In response, Jubaland blockaded Mogadishu officials from travelling to Kismayo. Seemingly at the behest of Mogadishu, Ethiopia dispatched high-ranking military and intelligence officers to Madobe, calling on him to delay the election; reopen registration for presidential candidates and lift ministerial blockade of senior FGS officials from visiting Kismayo.

Jubaland declined, dismissing this as a ploy to derail the whole electoral process and push for a caretaker administration under Mogadishu’s thumb. Further, according to the Addis Standard, an Ethiopian news magazine, on August 19, Jubaland denied an Ethiopian aircraft permission to land in Kismayo Airport, suspecting that it was carrying troops. Tensions also spiralled in Gedo region as Jubaland closed airspace, sea and land while anti-aircraft artillery was mounted to confront incoming hostile aircraft.
SUPPORT

In a Press release on August 23, Kenya’s Ministry of Foreign Affairs congratulated Madobe on his re-election, but called on him to “usher in a new era of reconciliation”. The international crowd in Mogadishu blew hot and cold, making demands and imposing them as conditions for the presidential elections to take place.
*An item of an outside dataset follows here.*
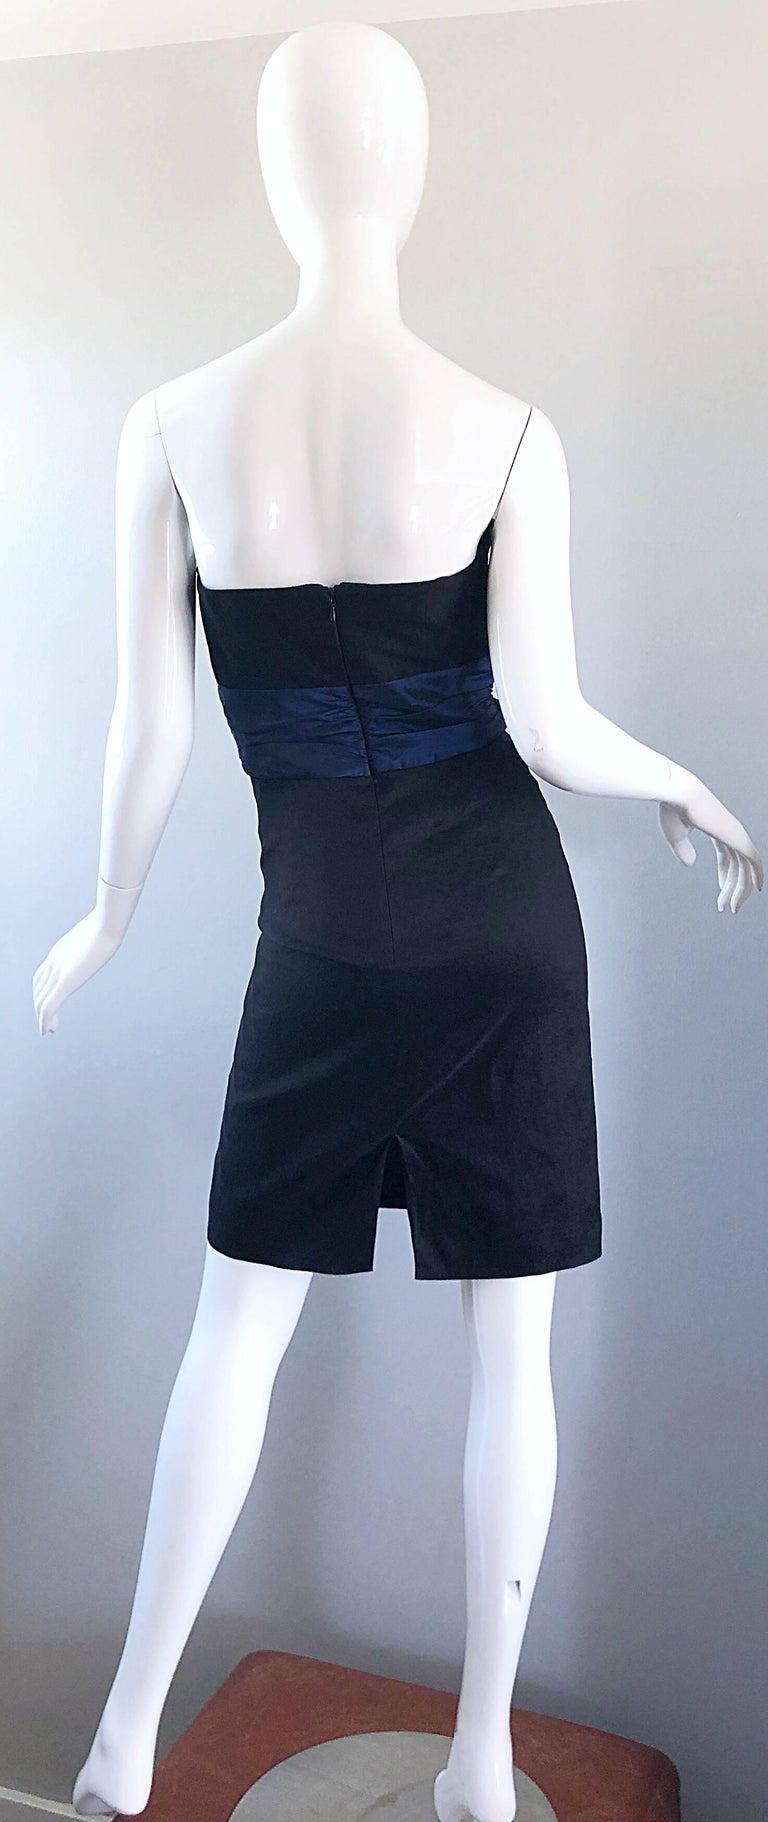 Badgley Mischka 1990s Sz 4 Vintage Avant Garde Black Navy Blue Sequin Mini Dress For Sale 1
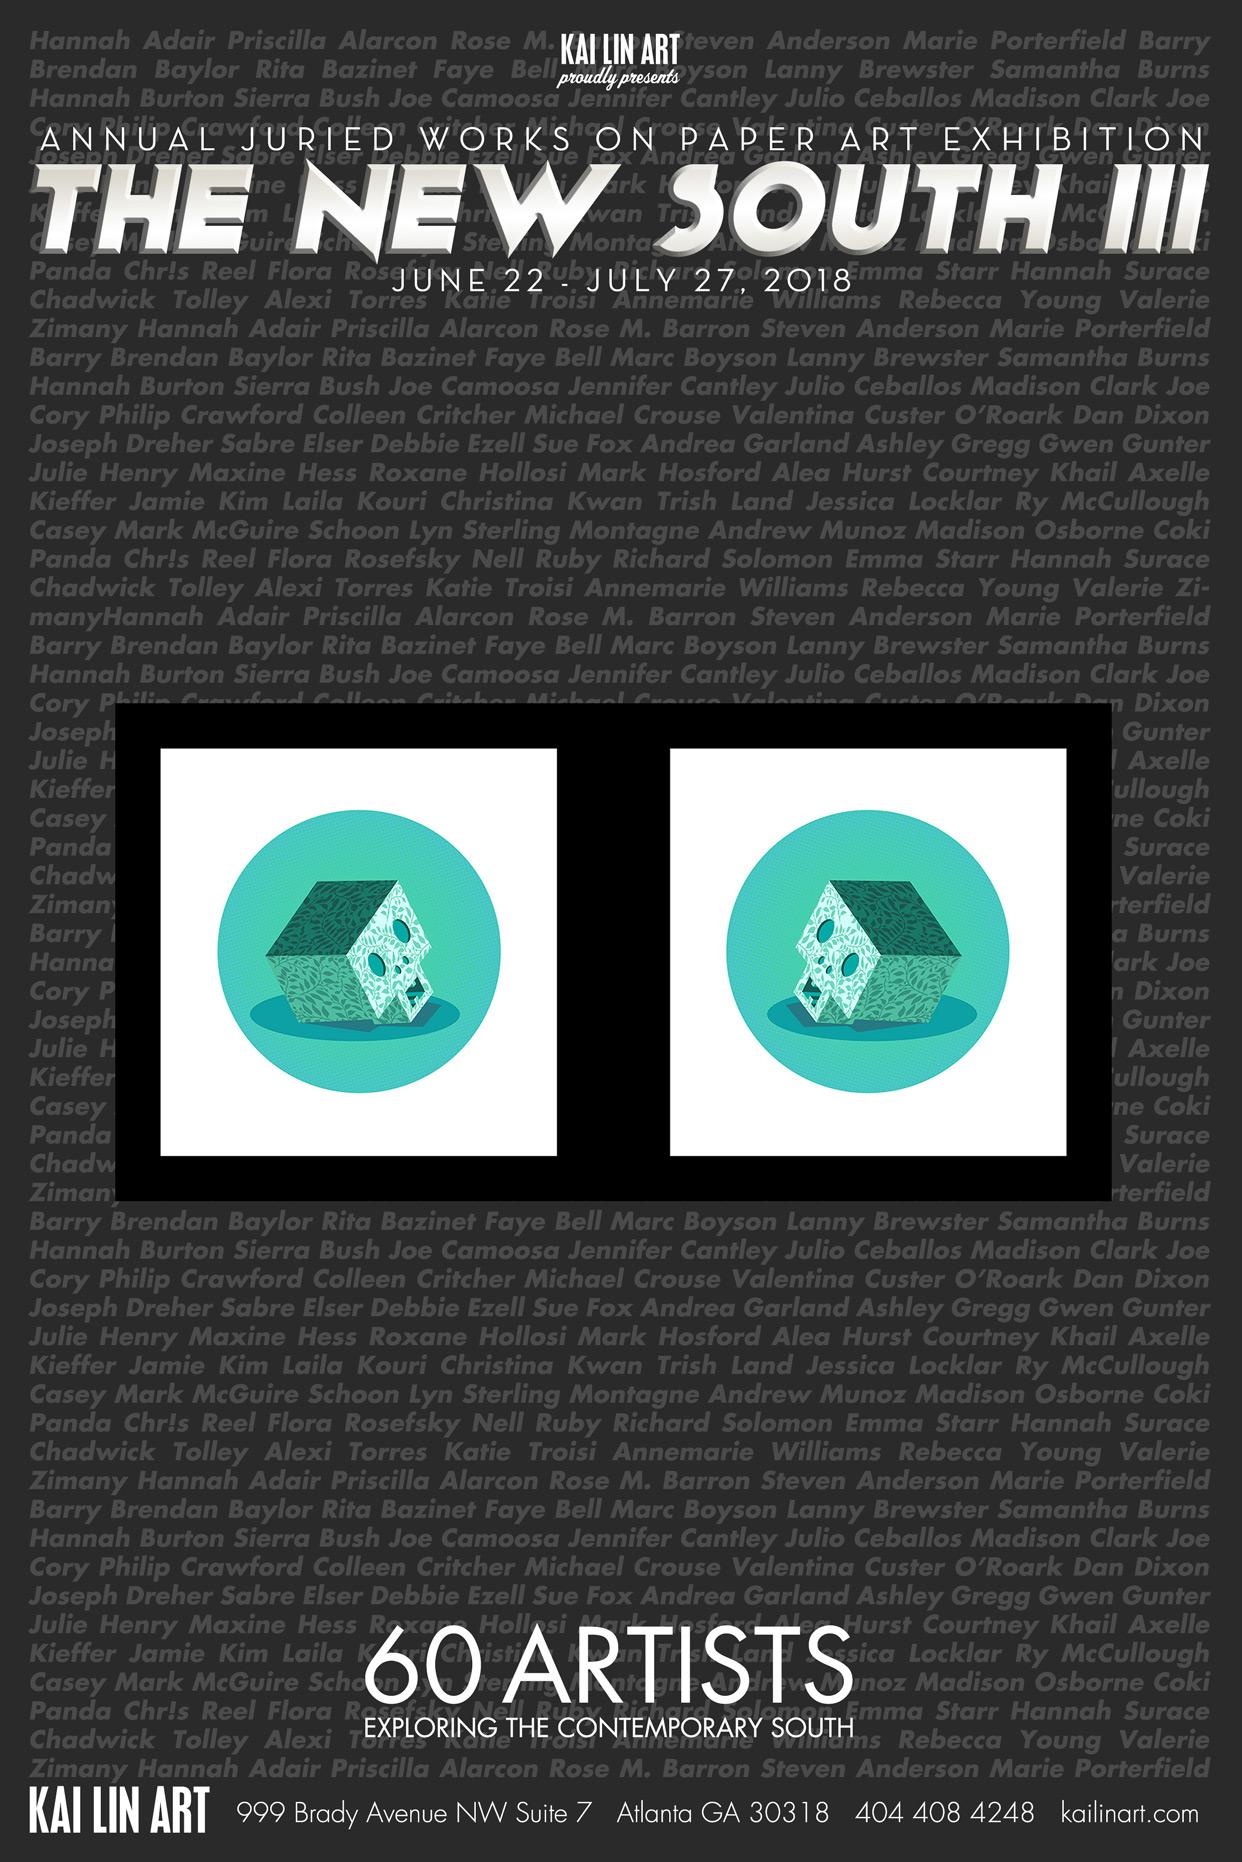 Hosford_Mark_Blue-Momento-Mori-1_2_Screenprint_25x12.5.jpg

However, in a briefing with the UN Security Council on Somalia on August 21, Ambassador Jonathan Cohen, the Acting Permanent Representative U.S Mission to the United Nations, stressed that the elections would “reaffirm mutual respect between the central and state governments”, laudably urging all parties “to support peaceful election, and to avoid any interference in the electoral process.”

Jubaland’s election paves the way for national election in 2021.